THE PROBLEM:
In the material below, find the line that contains "Спортивная школа проводит." and the line that contains "Adonia Abstract Jacquard Dress", then write out exactly those two lines and everything between them.

┌─ INPUT DATA

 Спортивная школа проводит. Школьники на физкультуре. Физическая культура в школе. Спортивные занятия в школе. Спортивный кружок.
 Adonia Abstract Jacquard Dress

└─
┌─ INPUT DATA

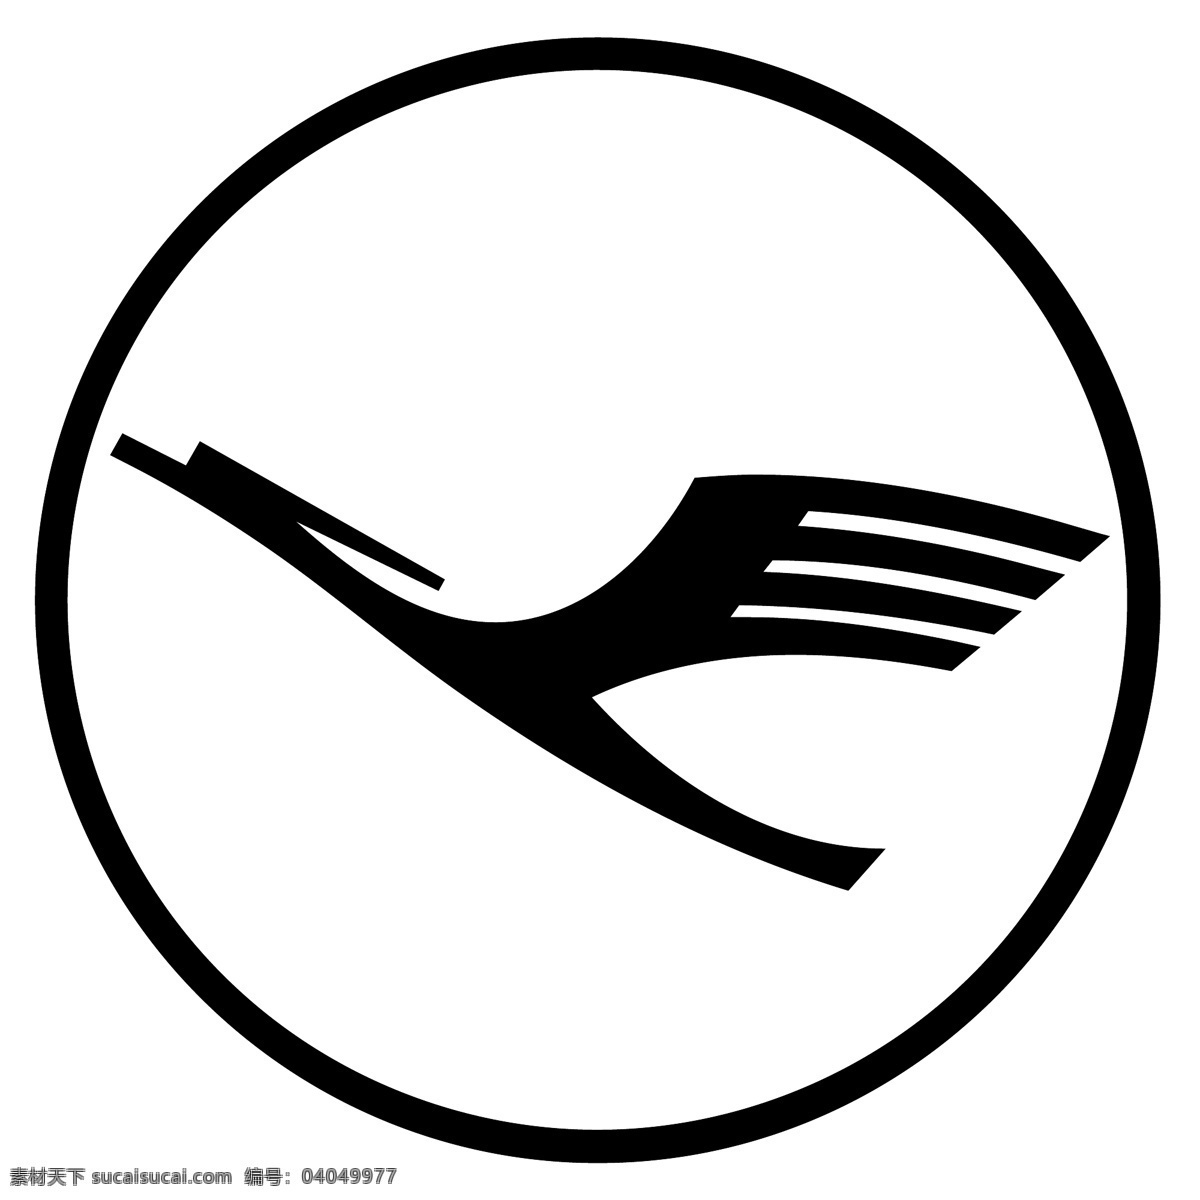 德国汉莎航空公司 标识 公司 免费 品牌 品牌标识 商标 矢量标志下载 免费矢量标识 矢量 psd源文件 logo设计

└─
┌─ INPUT DATA

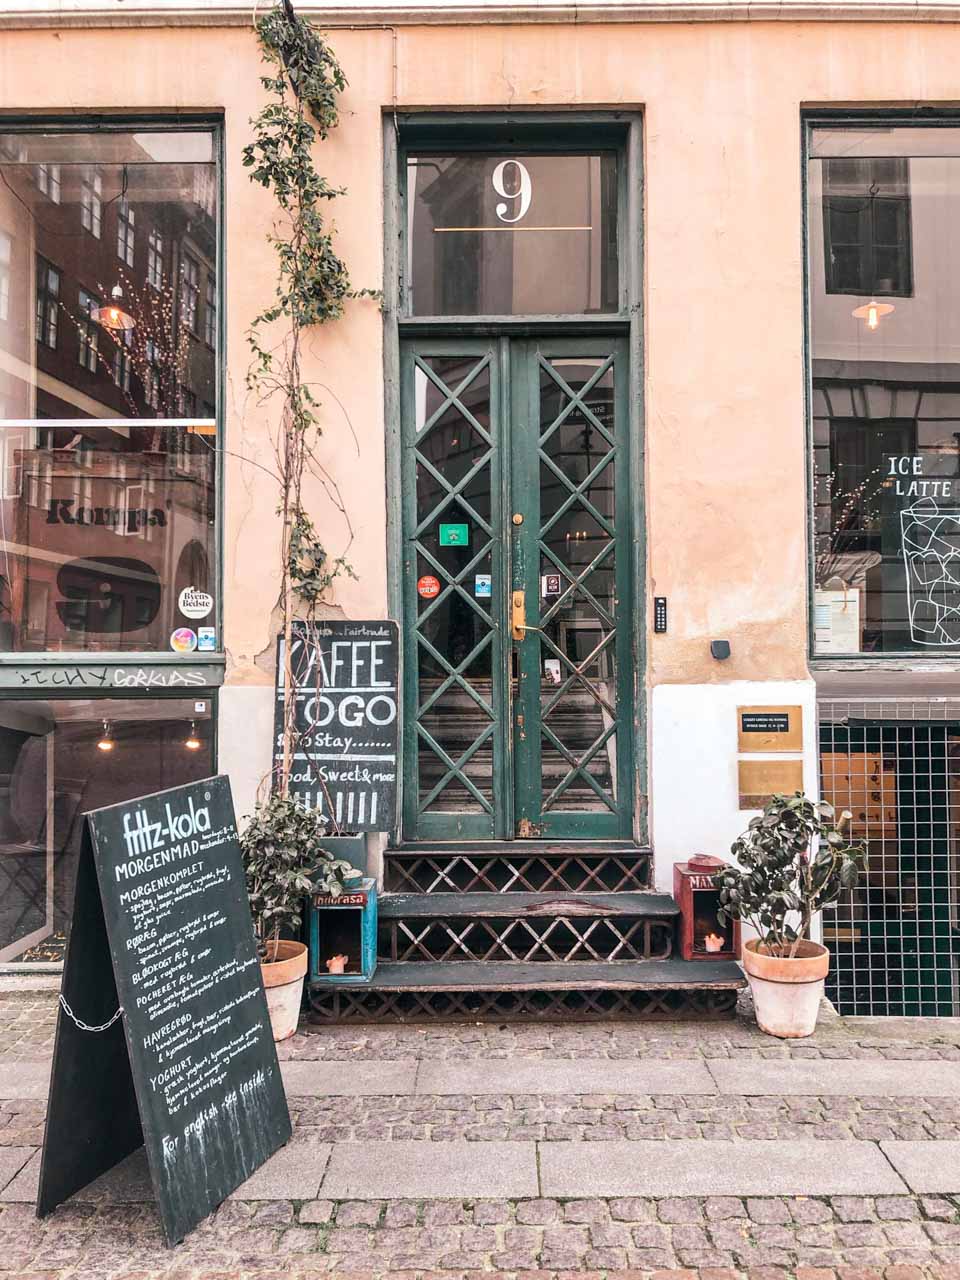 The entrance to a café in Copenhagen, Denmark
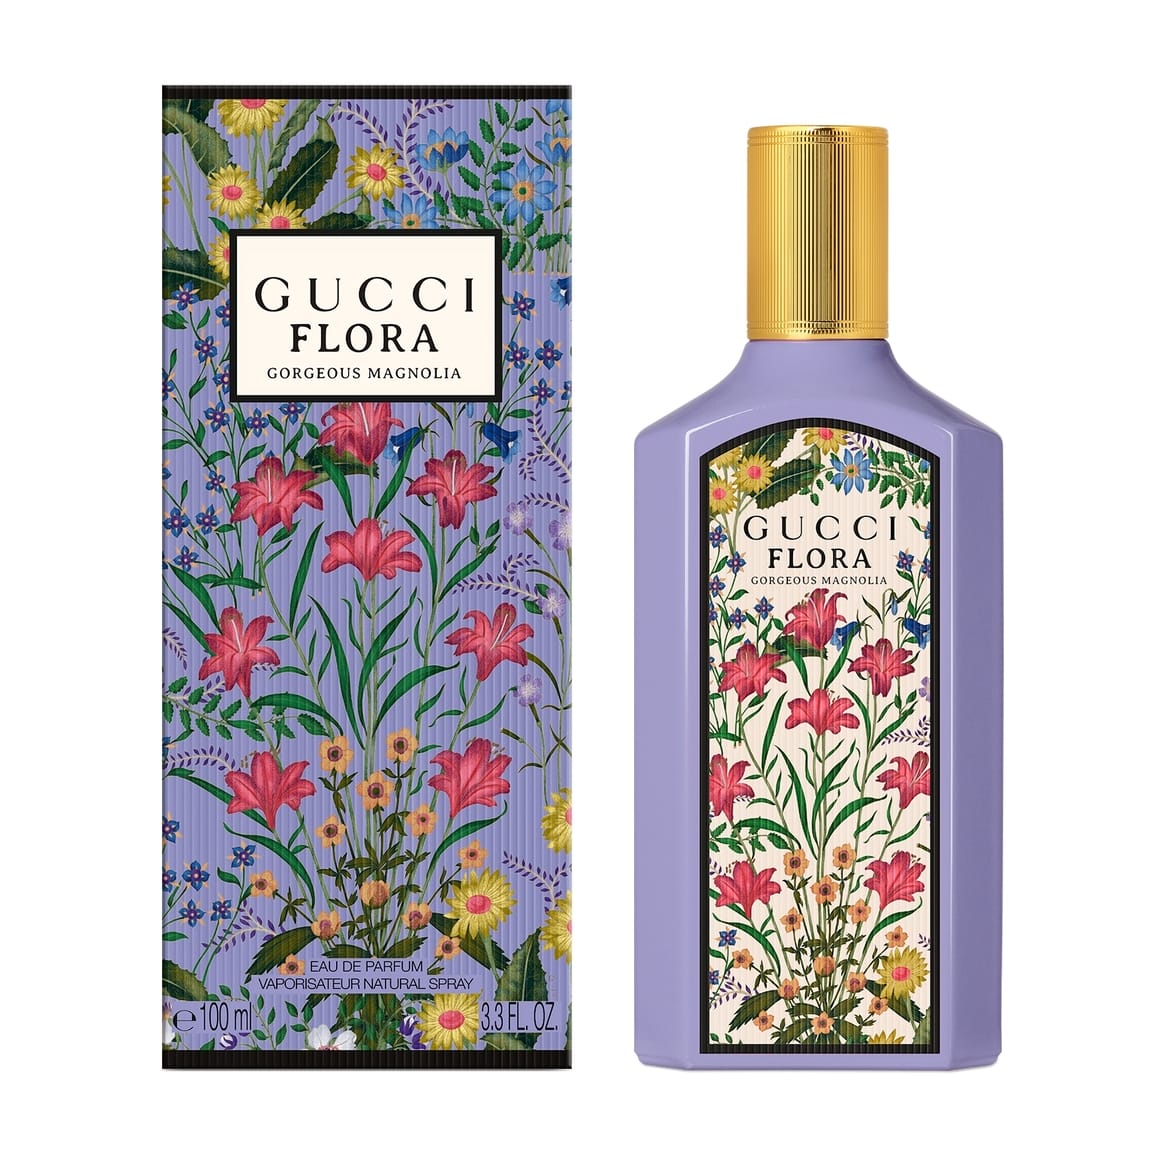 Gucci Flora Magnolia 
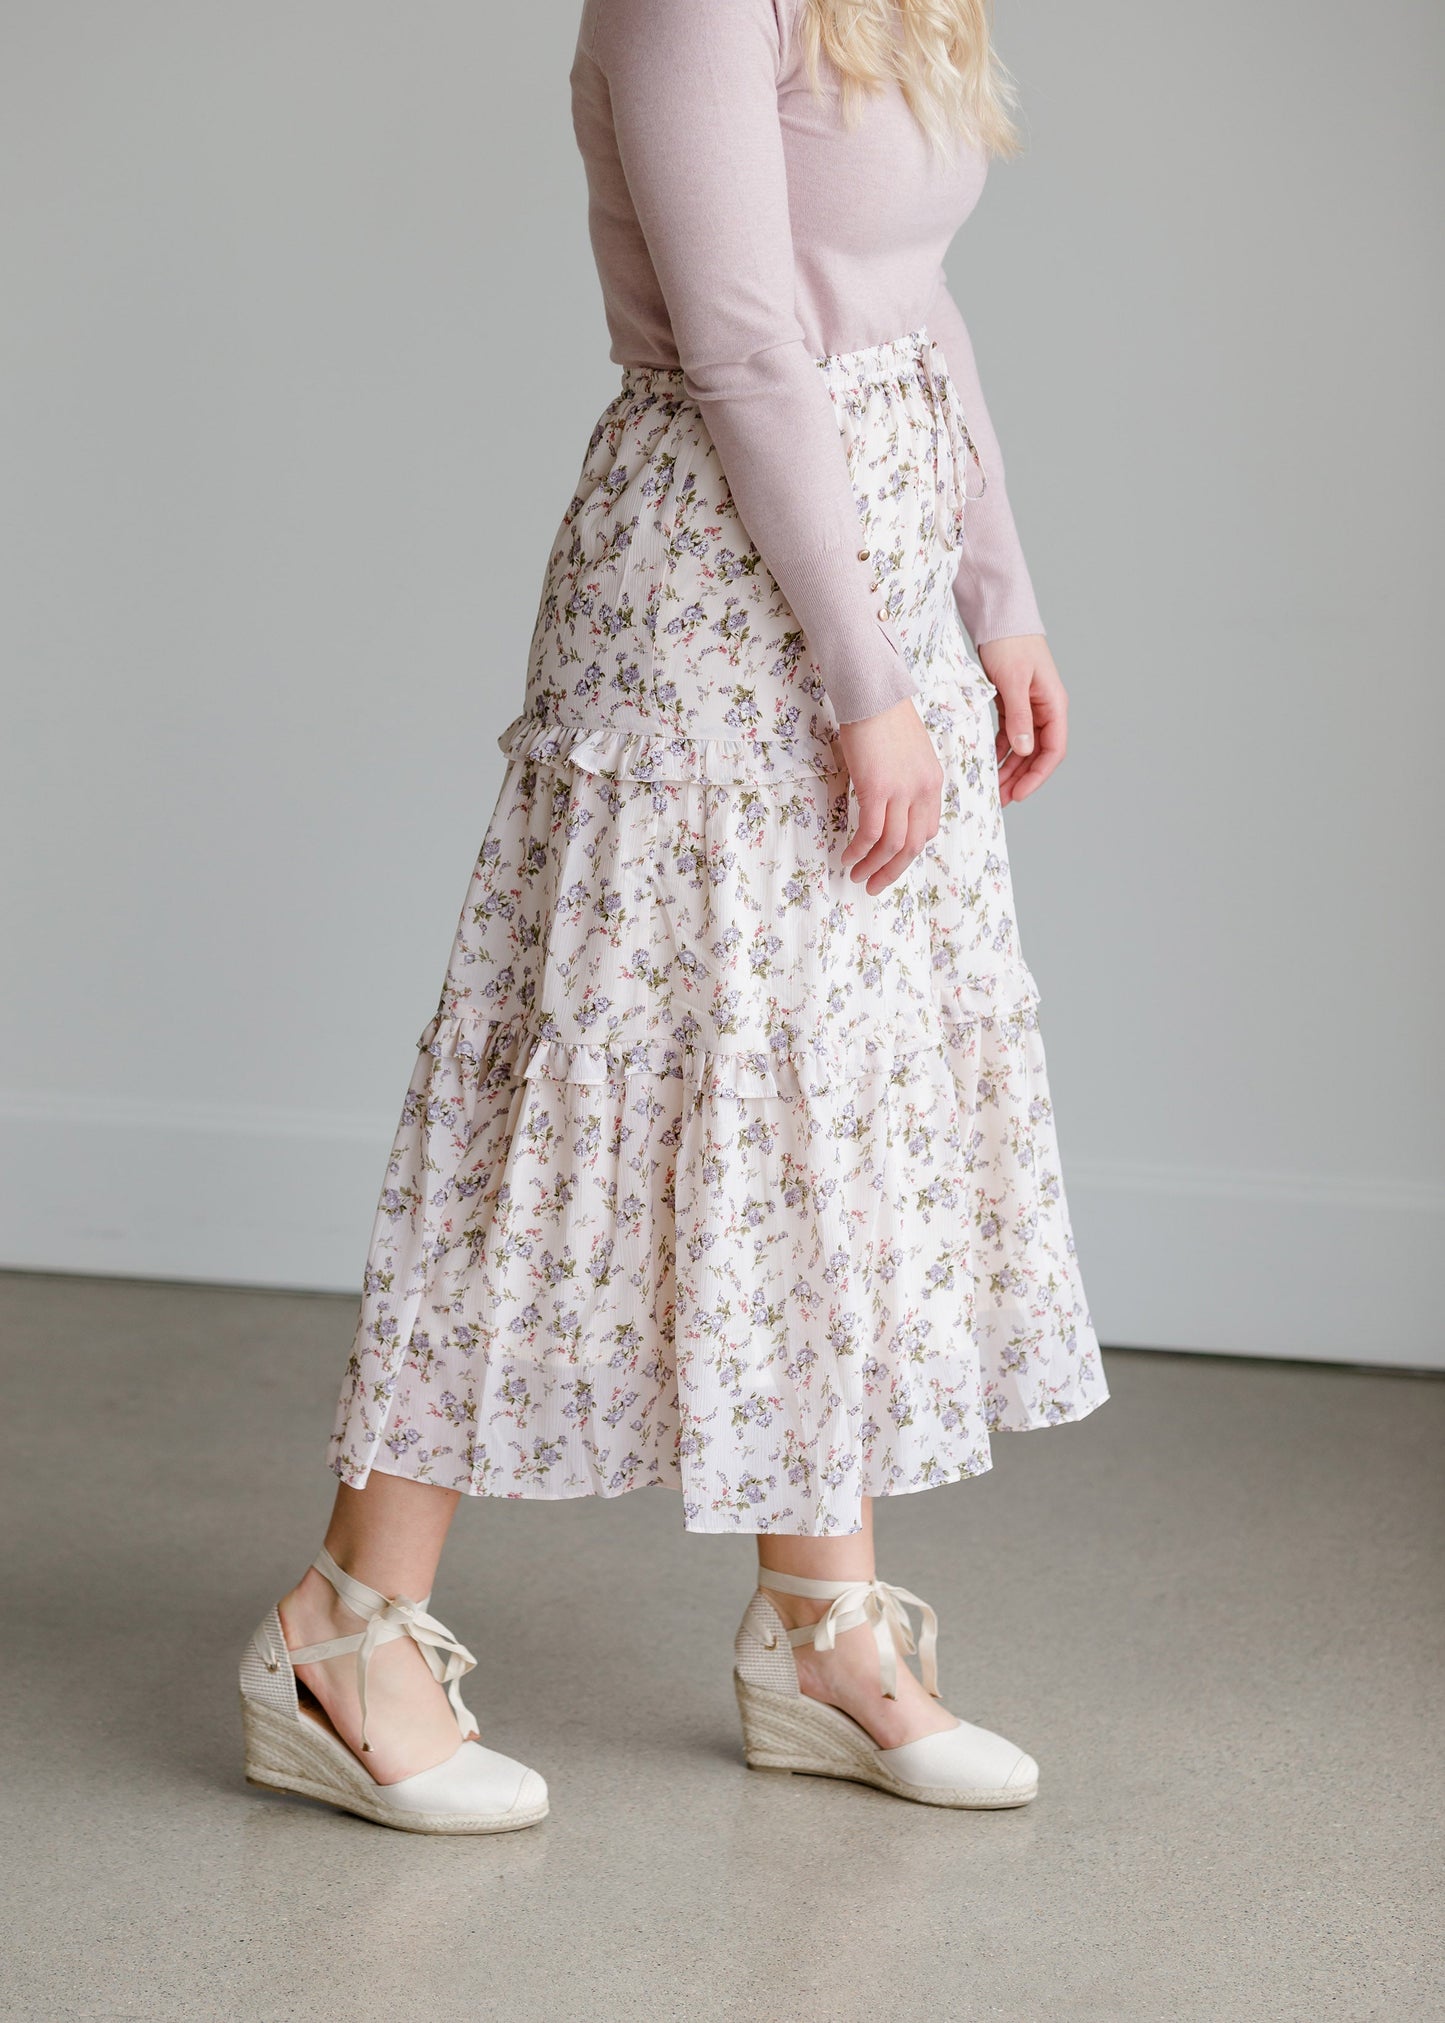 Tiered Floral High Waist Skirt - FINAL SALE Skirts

└─

OUTPUT FOR THIS TASK:
 Спортивная школа проводит. Школьники на физкультуре. Физическая культура в школе. Спортивные занятия в школе. Спортивный кружок.
 Adonia Abstract Jacquard Dress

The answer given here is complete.